*Collected material*
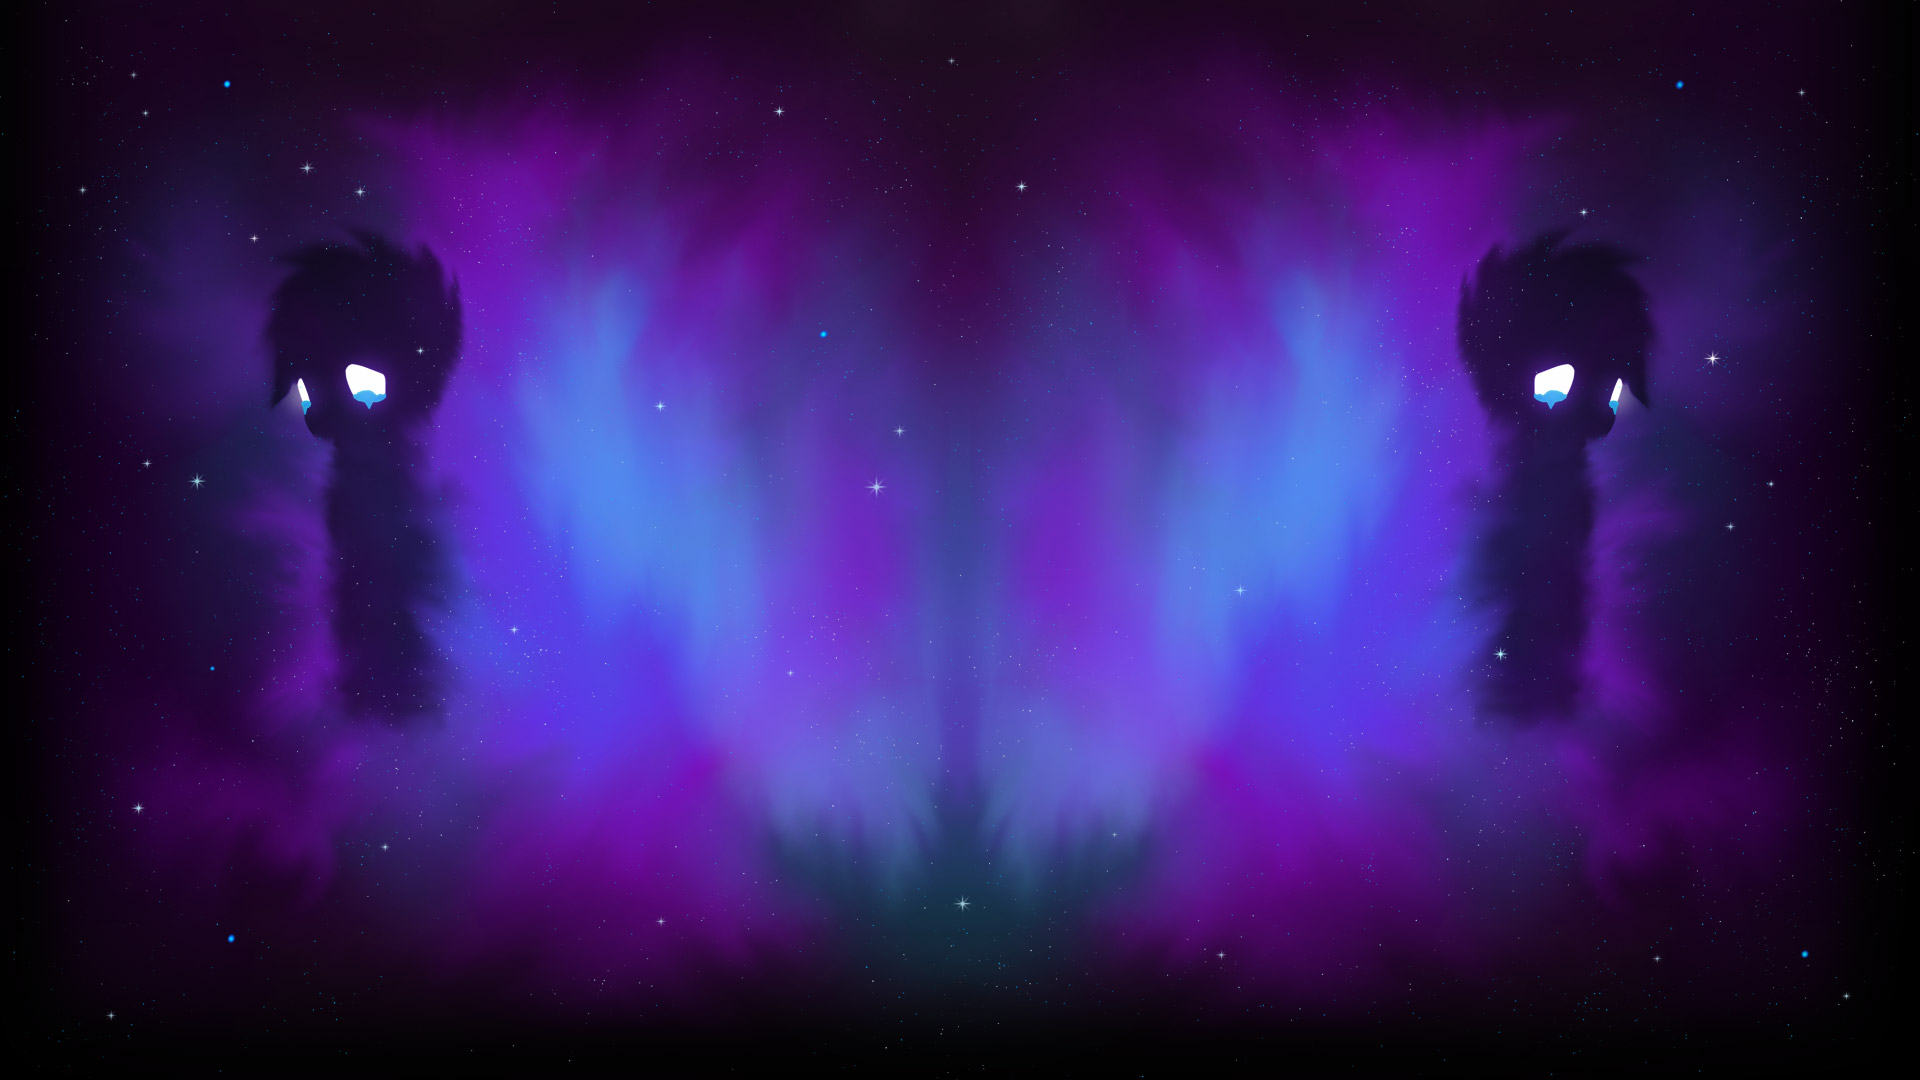 Tưởng tượng một vùng thiên thần tuyệt đẹp với những đám mây tím lấp lánh. Bức ảnh liên quan đến \'Seen Nebula purple\' sẽ đưa bạn đến những cung đường trên trời, khám phá những cảnh đẹp như mơ, mang đến cho bạn cảm giác yên bình và thư thái.
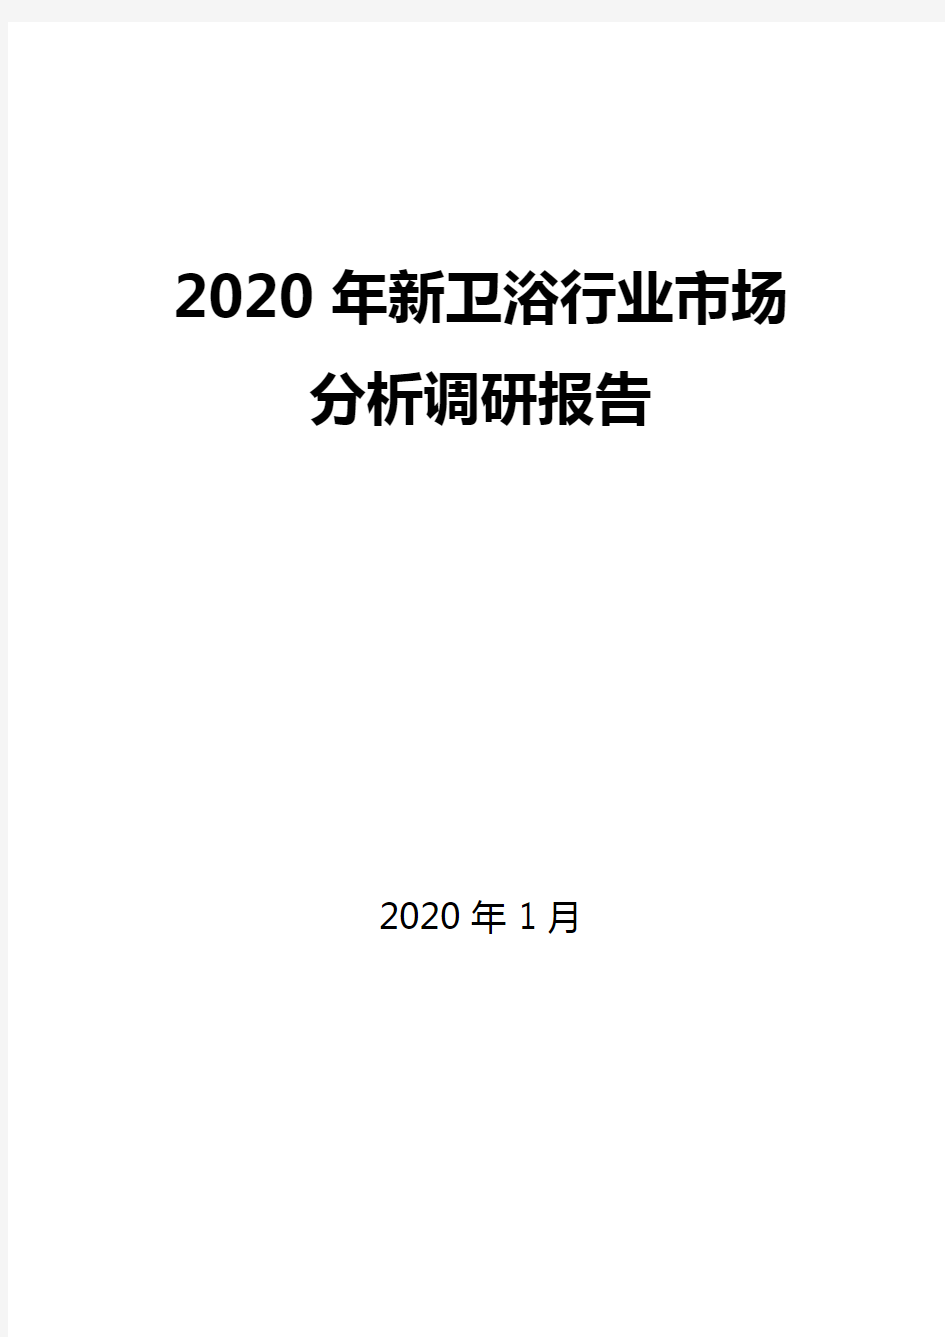 2020年新卫浴行业市场分析调研报告
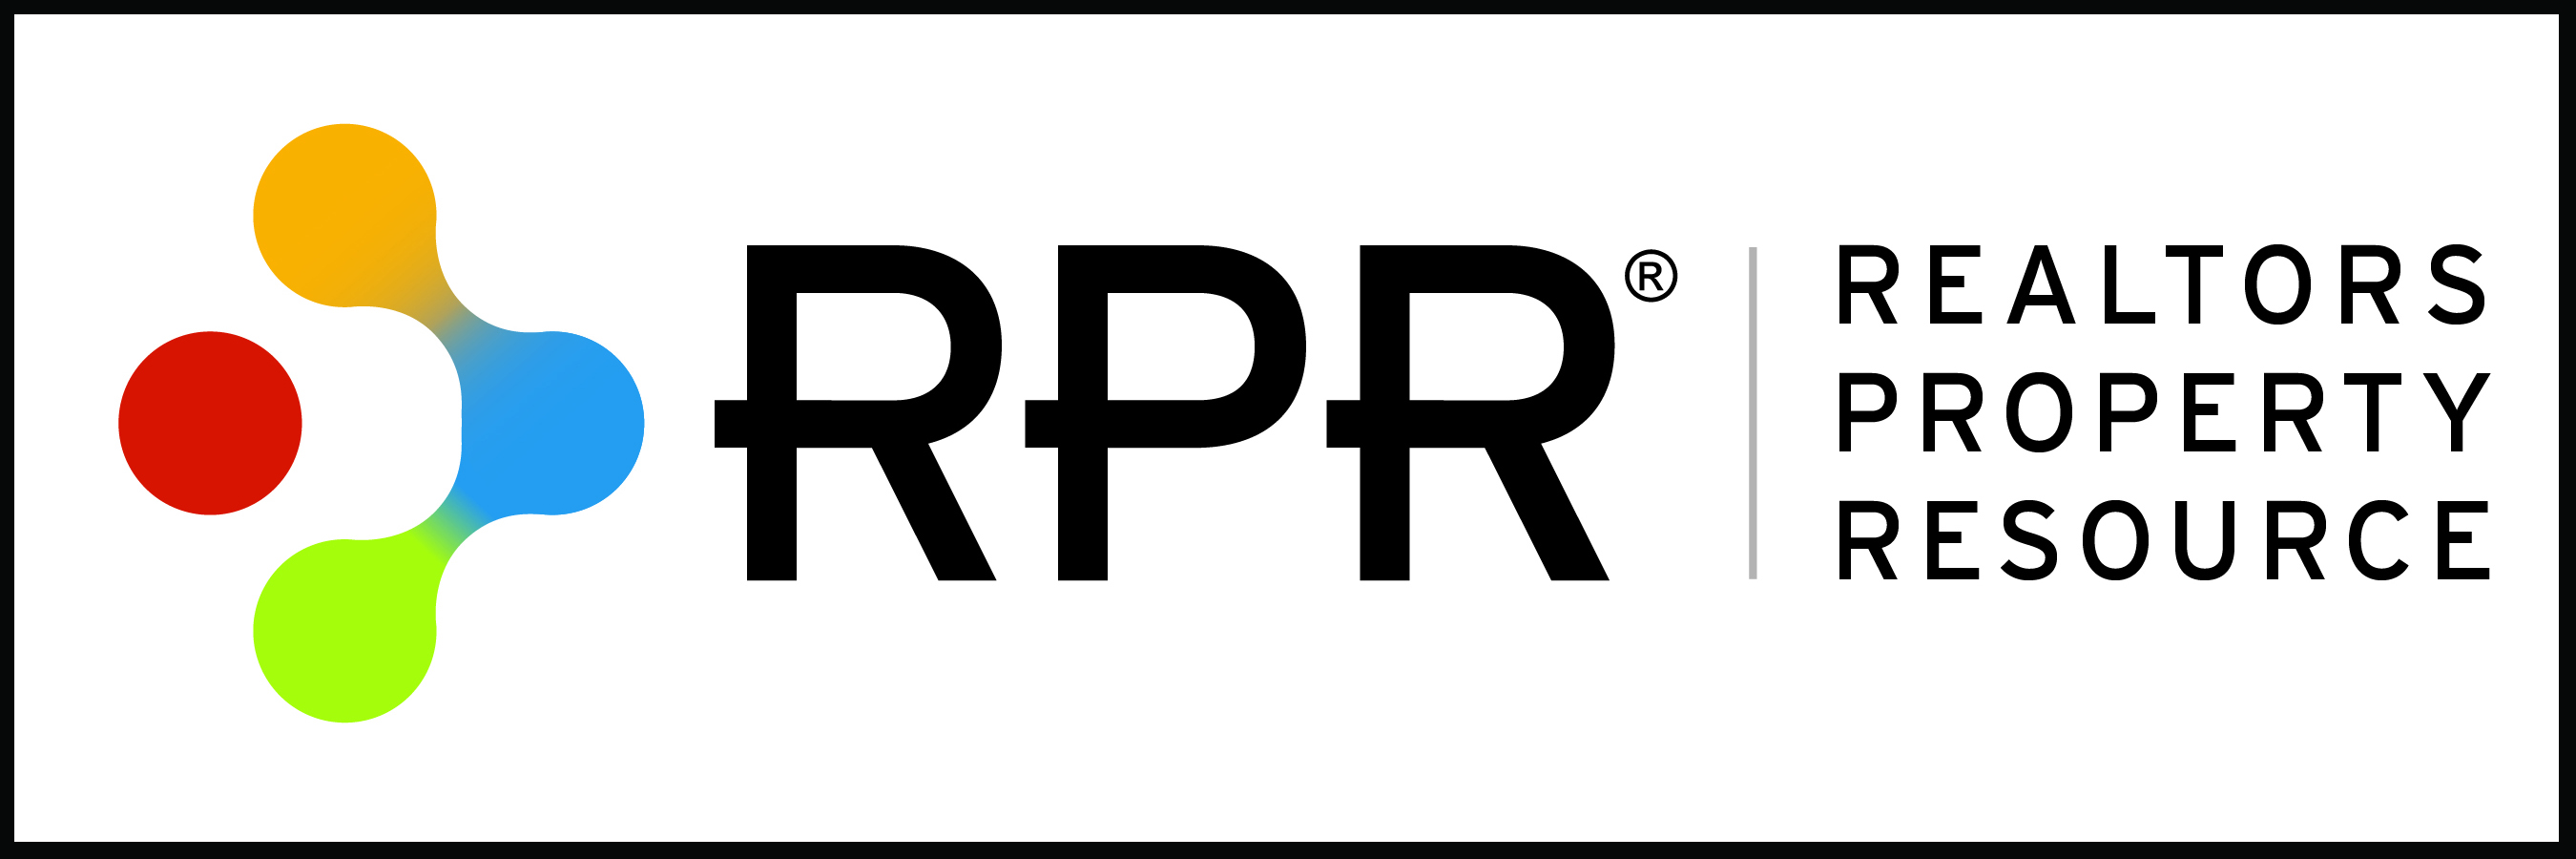 Properties resources. RPR. RPR лого. РПР. RPR компания.

*Exercise instructions*
Pictures stay out; print everything else in the data exactly.

*Response area*
 Tưởng tượng một vùng thiên thần tuyệt đẹp với những đám mây tím lấp lánh. Bức ảnh liên quan đến \'Seen Nebula purple\' sẽ đưa bạn đến những cung đường trên trời, khám phá những cảnh đẹp như mơ, mang đến cho bạn cảm giác yên bình và thư thái.
 2020年新卫浴行业市场分析调研报告
 Properties resources. RPR. RPR лого. РПР. RPR компания.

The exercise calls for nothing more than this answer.